You can locate an element that loads after the initial page loads and then make Selenium wait until that element is found.

您可以找到在初始页面加载后加载的元素，然后让 Selenium 等待直到找到该元素。

WebDriverWait wait = new WebDriverWait(driver, 10);
WebElement element = wait.until(ExpectedConditions.visibilityOfElementLocated(By.id("ID")));

That wouldnt really be a selenium specific thing. You just want java to sleep for a bit after loading the page but before taking the screenshot.

那不会真的是硒特定的东西。您只希望 java 在加载页面后但在截取屏幕截图之前休眠一会儿。

Thread.sleep(4000);

put that after your driver.get statement.

把它放在你的 driver.get 语句之后。

Just in case it will help somebody, you should always try to avoid implicit waits and especially Thread#sleepas much as you can. If you do Thread.sleep(10), your code will alwayswait for 10 seconds even in case your page is ready after 1 sec. So this can slow your tests substantially if you use this often.

以防万一它会对某人有所帮助，您应该始终尽量避免隐式等待，尤其是Thread#sleep尽可能多地。如果您这样做Thread.sleep(10)，即使您的页面在 1 秒后准备就绪，您的代码也将始终等待 10 秒。因此，如果您经常使用它，这会大大减慢您的测试速度。

Better way is to use ExplicitWaitswhich you means you will wait exactly as long as some action happens or some element gets rendered on the page. So in your case, I would use explicit wait to check whether is everything loaded and then take a screenshot.

更好的方法是使用ExplicitWaits，这意味着只要某些操作发生或某些元素在页面上呈现，您就会等待。因此，在您的情况下，我将使用显式等待来检查是否已加载所有内容，然后截取屏幕截图。

If you want to delay a certain number of seconds, rather than to respond as soon as possible, here is a function for pause similar to what selenium IDE offers:

如果你想延迟一定的秒数，而不是尽快响应，这里有一个类似于 selenium IDE 提供的暂停功能：

public void pause(Integer milliseconds){
    try {
        TimeUnit.MILLISECONDS.sleep(milliseconds);
    } catch (InterruptedException e) {
        e.printStackTrace();
    }
}

source

来源

const { By, until } = require('selenium-webdriver');


this.wait = async function (amount: number) {
      try {
        await this.driver.wait(
          until.elementLocated(By.css('[data-test-id="does-not-exist"]')),
          amount,
          'Looking for element'
        );
      } catch (e) {
        console.log('waiting')
      }

We look for a css identifier that isn't there for x amount of seconds. This is typescript btw.
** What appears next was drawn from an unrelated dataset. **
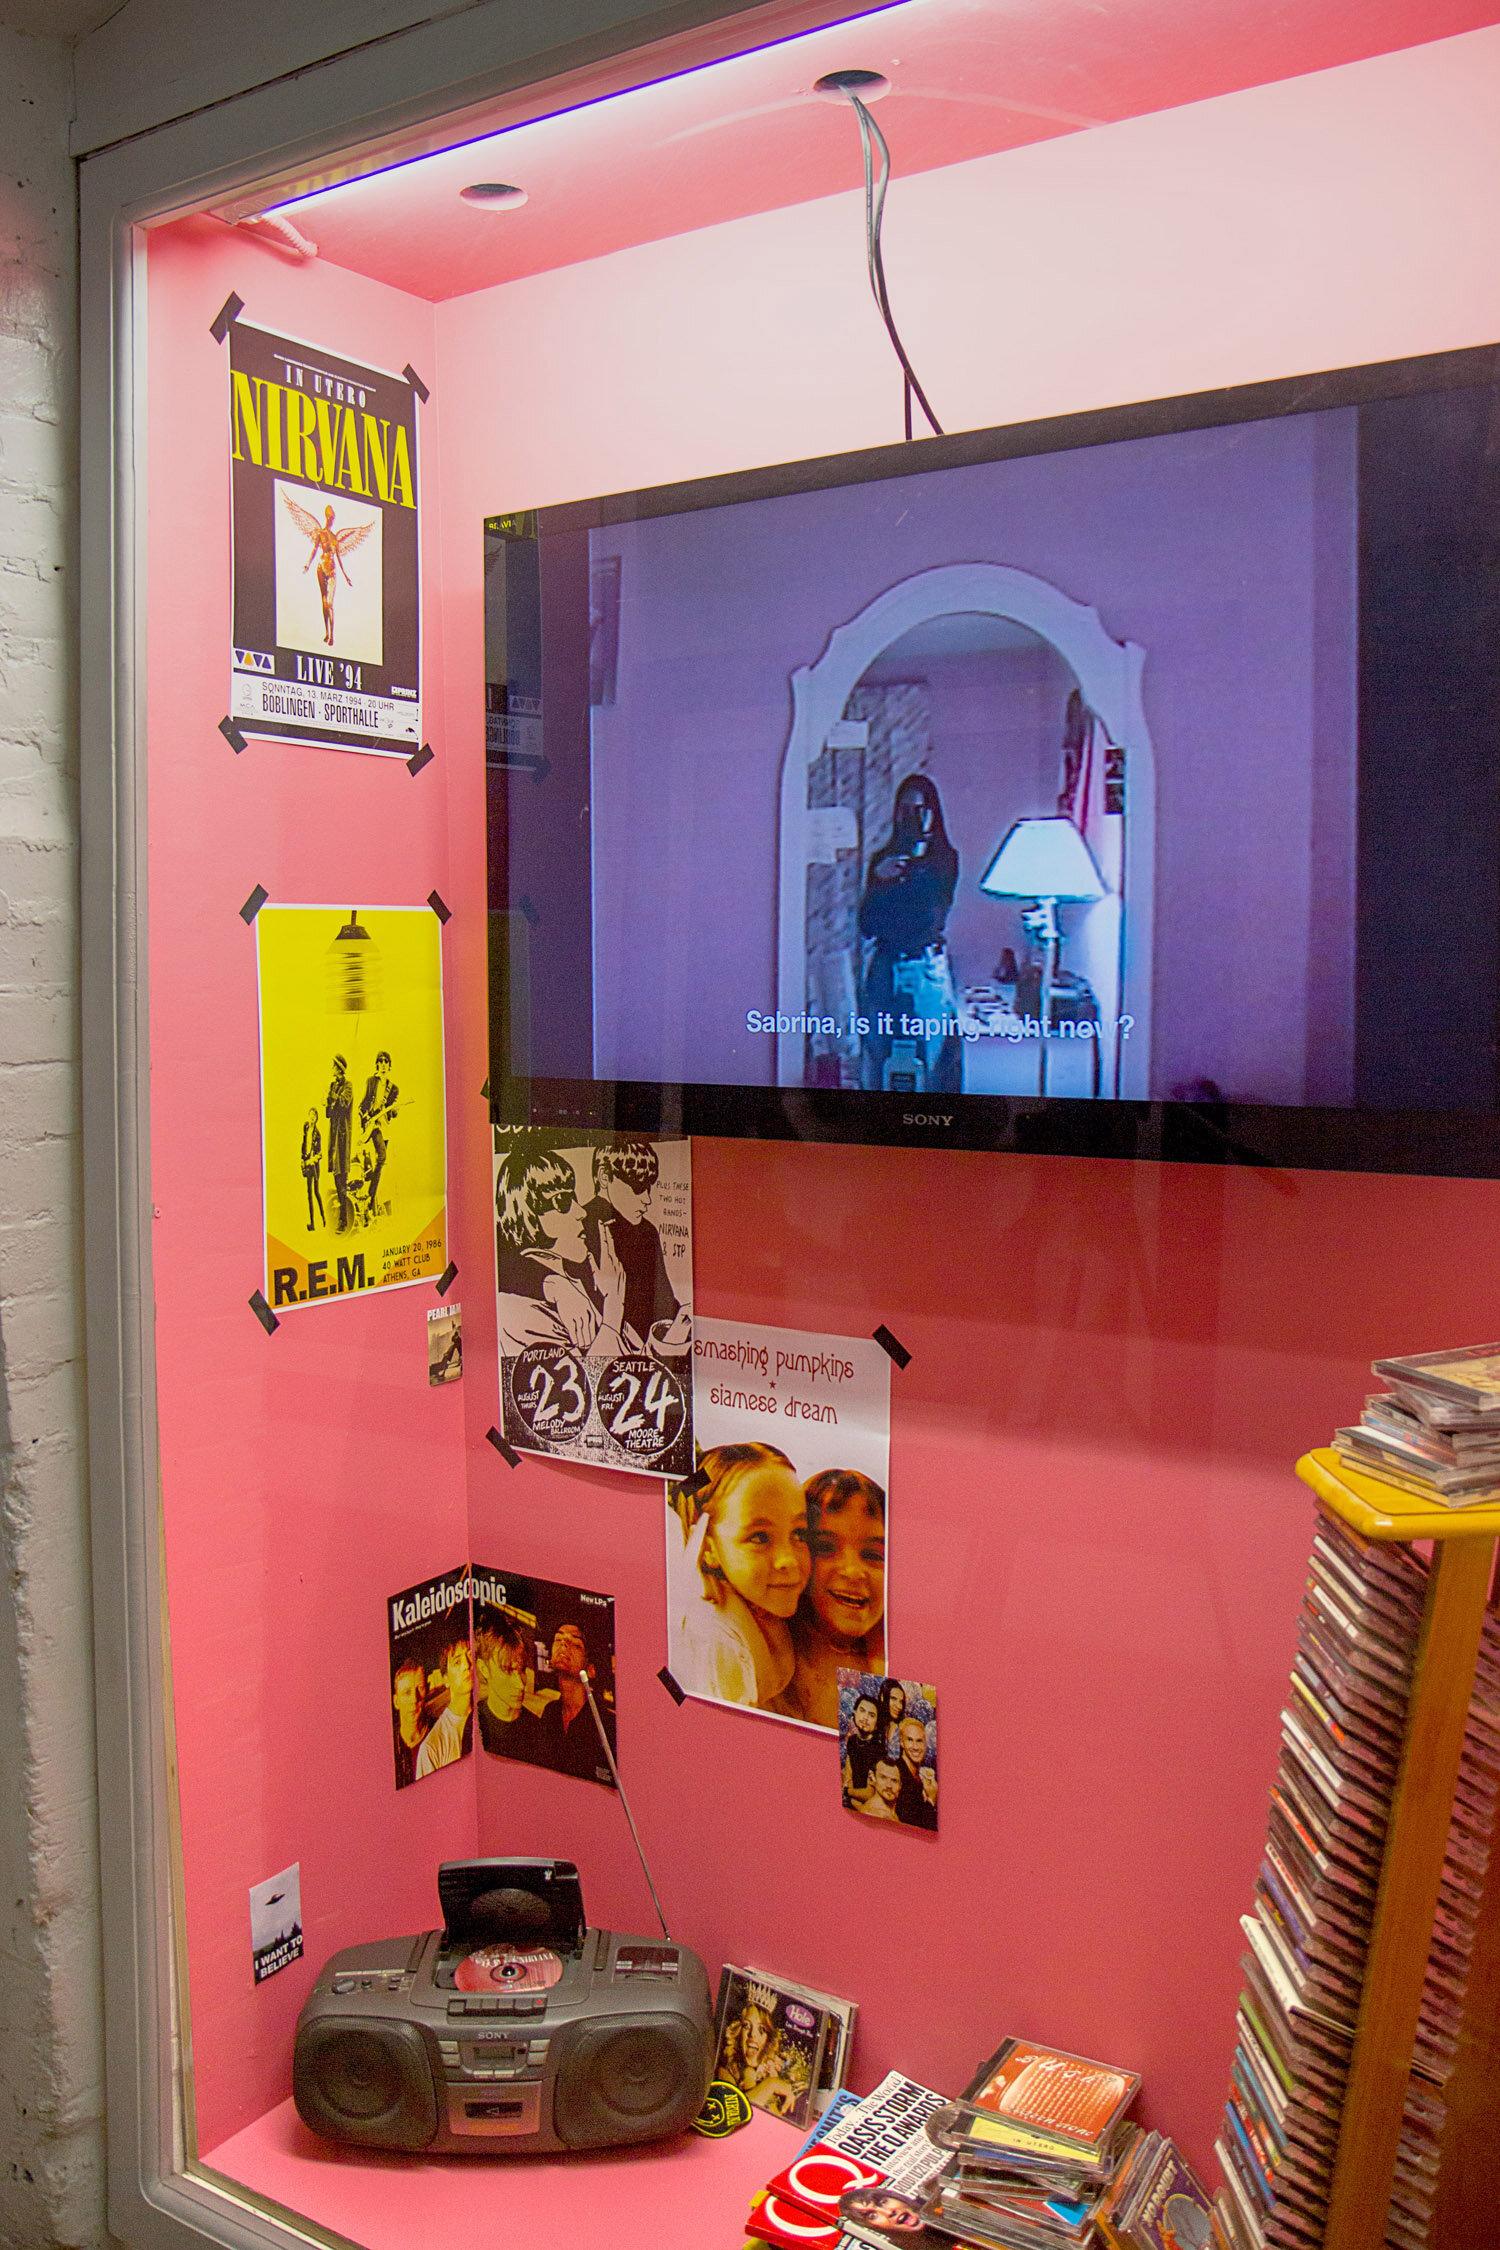 Installation views in Trinity Square Video's vitrine space, Toronto 2017.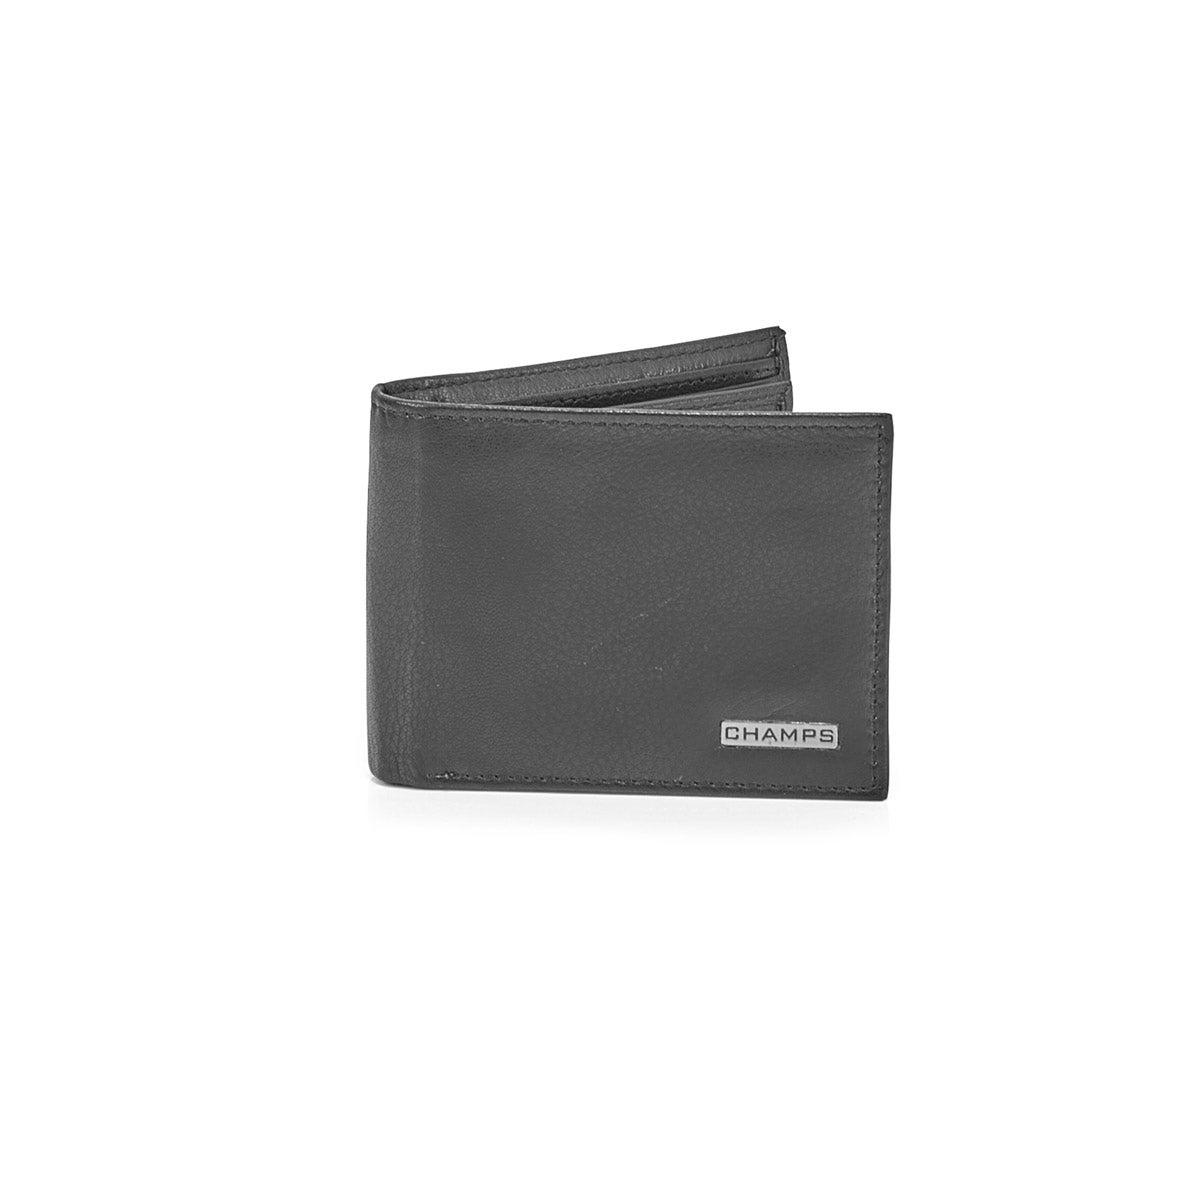 Men's MW-803-BLK cowhide leather wallets

This would be a method on some relevant class, or a function by itself. Use it like this

我们寻找一个在 x 秒内不存在的 css 标识符。这是打字稿顺便说一句。这将是某个相关类上的一个方法，或者是一个函数本身。像这样使用它

  const button = await this.findByCSSSelector('[data-test-id="get-quote-button"]')
  const actions = this.driver.actions({ bridge: true }); 
  await actions.move({origin: button }).perform();

  // Small pause to observe animation is working correctly in all browsers
  await this.wait(700)

  const carat = await this.findByCSSSelector('[data-test-id="carat"]');

This waits for .7 of a second so that you can see that whatever animation is working in your functional tests.

这将等待 0.7 秒，以便您可以看到功能测试中正在运行的任何动画。

The most simple of all.

最简单的。

Just try this and forget rest! The equivalent of this code can be used in any language. I am writing this in python.

试试这个，忘记休息！此代码的等价物可用于任何语言。我正在用python写这个。

import time
time.sleep(2)

this will make the compiler go to sleep for 2 seconds.

这将使编译器进入睡眠状态 2 秒。